Now I’m not going to just walk out , so a stand-off ensues. I pride myself on not losing my temper, but I was exhausted, hot and sweaty, sick of being at the bank and I just wanted to go home, so I threw my toys out of the pram and point-blank refused to leave until I had something in writing. The guy ignored me and brought in the next customer who complained that the machine had taken his money too, saying, “It does this all the time!” Right! Now I had backup! In the end the teller backed down, and agreed to stamp a piece of paper for me saying they were investigating – what a result.

I start dragging my 27kg suitcase to the car-docs place and almost halfway there I get a phone call.

“Hey, we looked inside the machine. We have your money. The machine broke because you put a coin in, tucked inside all the notes.”

Needing to eat humble pie doesn’t even come CLOSE. Shamefacedly, I dragged my suitcase back to the bank and collected the cash, apologising profusely while attempting not to look at the guy I’d lost my temper with. Obviously at the ATM you can only pay 40 notes in at once, so the whole process took an obscene amount of time. And as I started to leave, the teller came out with a barely-discernible smirk on his face, insisting I sign a piece of paper saying he’d returned my money to me. Karma certainly is a bitch…
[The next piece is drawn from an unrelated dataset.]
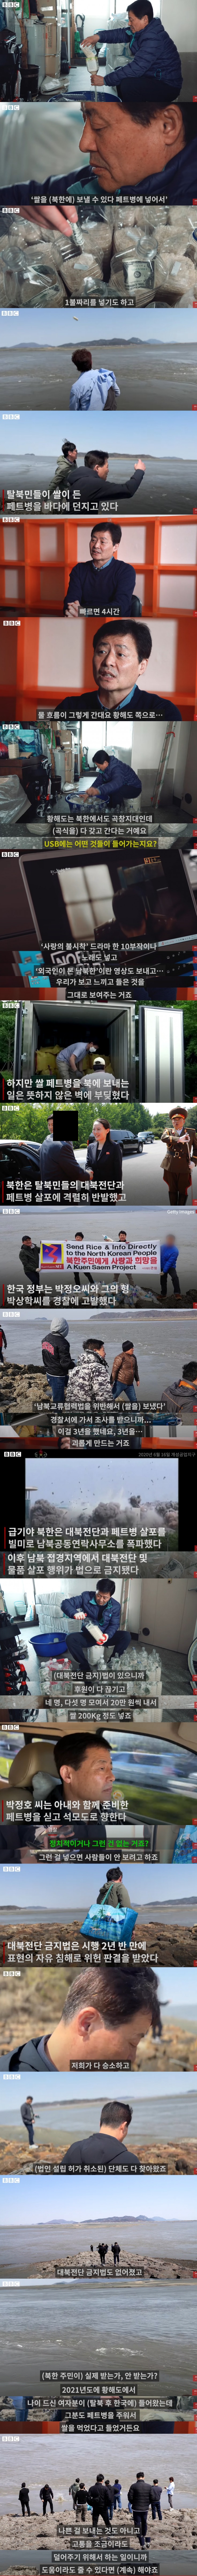 탈북자들이 북한으로 쌀 보내는 방법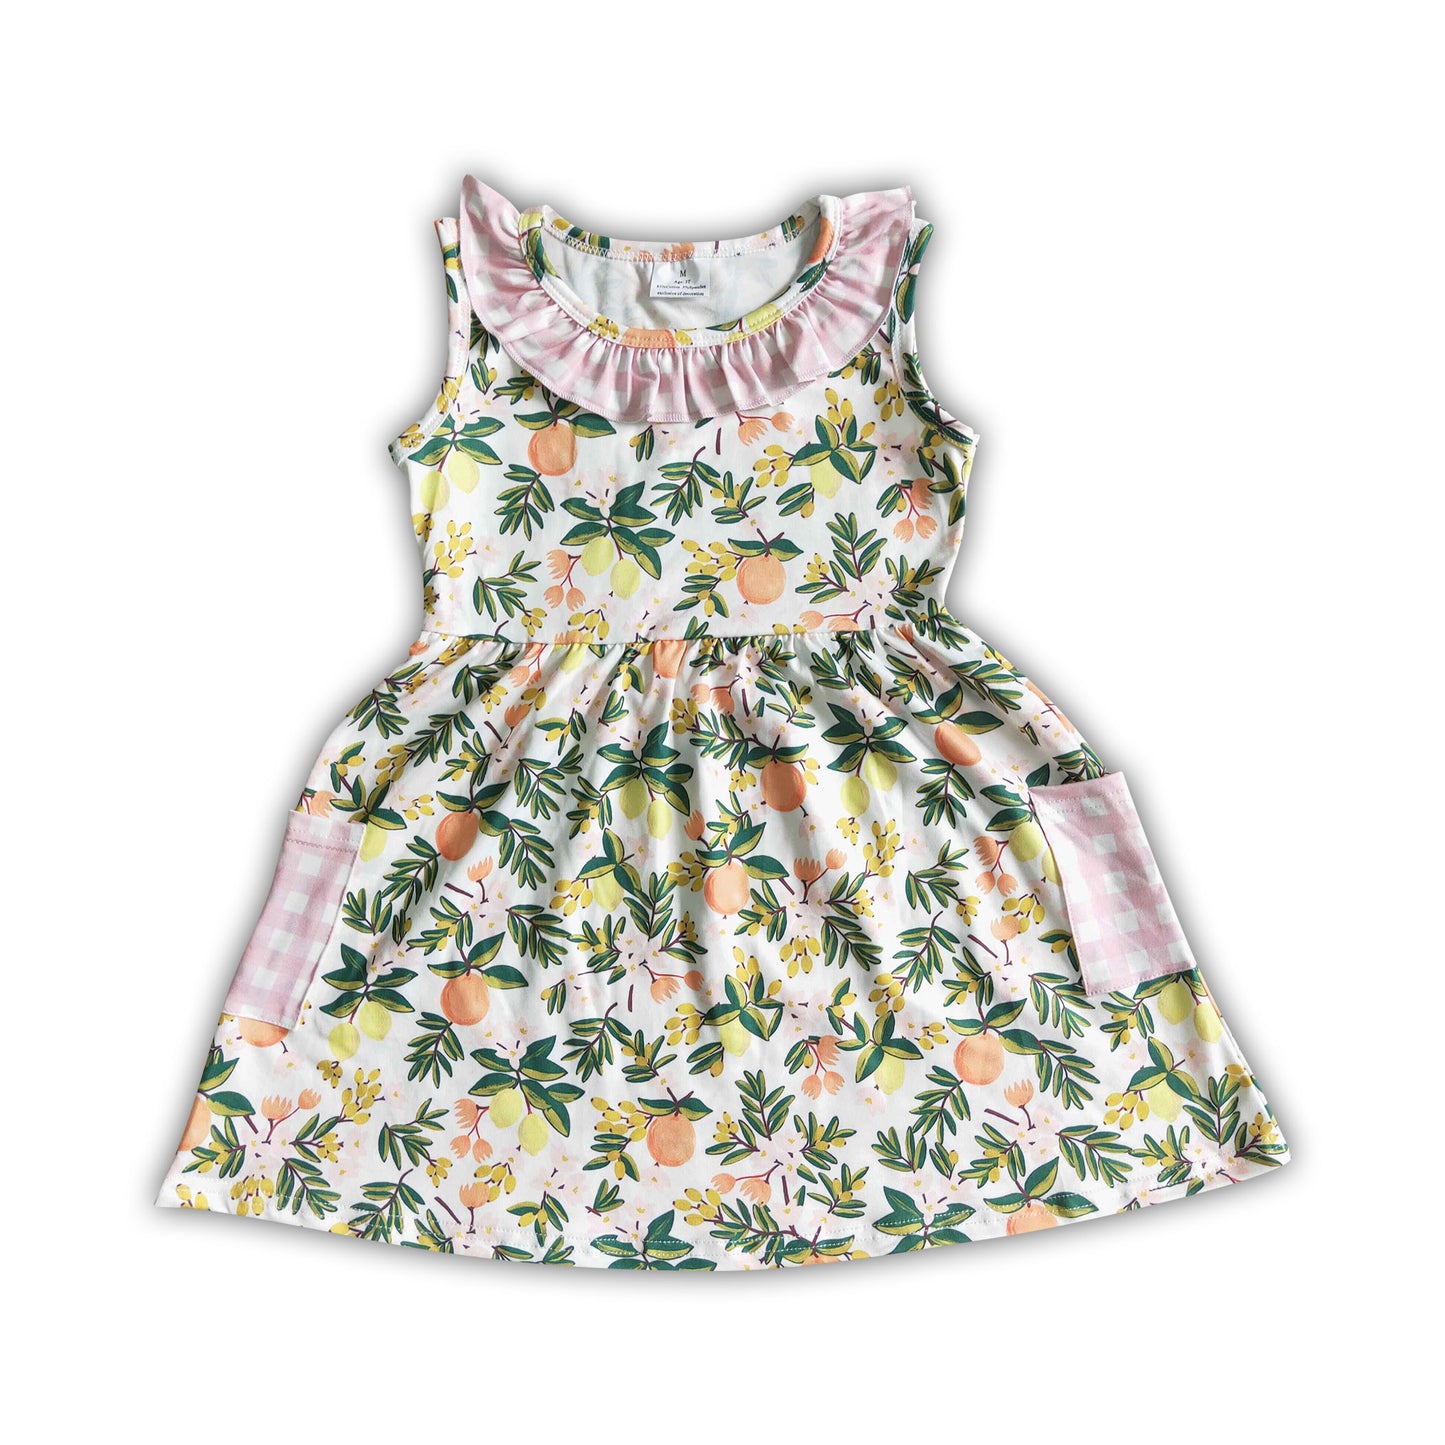 Peach lemon pocket baby girls summer dresses

So me and my case start the journey back to the car docs place, navigating potholes and uneven pavements and wiping buckets of sweat off my face. A mile later, and I’ve made it. I pick up the papers, check the bus route and…the bus stop is next to the bank. 1 mile away.

I drag my suitcase back, cursing my terrible planning. Miss the bus, because the bus stop is down a dirt track onto a dual carriageway and there’s no sign to it. Finally stumble down the hill, case still intact, waiting for the next bus. Aaaand it’s late. Twenty-five minutes late. Somehow I’m going to be pushing it to make my flight.

I drag the case up to the counter, check in just in time, and breathe a sigh of relief as I get through security and onto the plane. Only one hour and I’ll be home. I fall asleep almost immediately.

I wake up as we start to descend to Gomera. But people are being sick, and shrieking. It’s incredibly bumpy.... I see my house from the window of the plane and I almost cry with happiness.

The plane comes in to land…bumps all over the place, people start crossing themselves ...... and then we dive back up into the air......

An announcement comes over the tannoy: “We will be giving out chocolate bars when you get off the plane.”

Aaaand we fly all the way back to Tenerife.

They apologise – the wind was too bad for them to land in Gomera. They put us on a bus. I make the 35-mile journey back from north to south. And get a ferry I could have got 5 hours earlier.

Wind’s bad at sea too - more throwing up.

And then it’s a 45-minute drive from the ferry and not the peaceful 6 minutes from the airport. I beg somebody for a lift home.

Climb up The Steps with my trusty, oh-so-heavy suitcase.

Get to my house 12 hours after I went to a bank to pay in some money and collect some papers.

Getting home after a tour – super easy. Who wouldn’t want to live here?!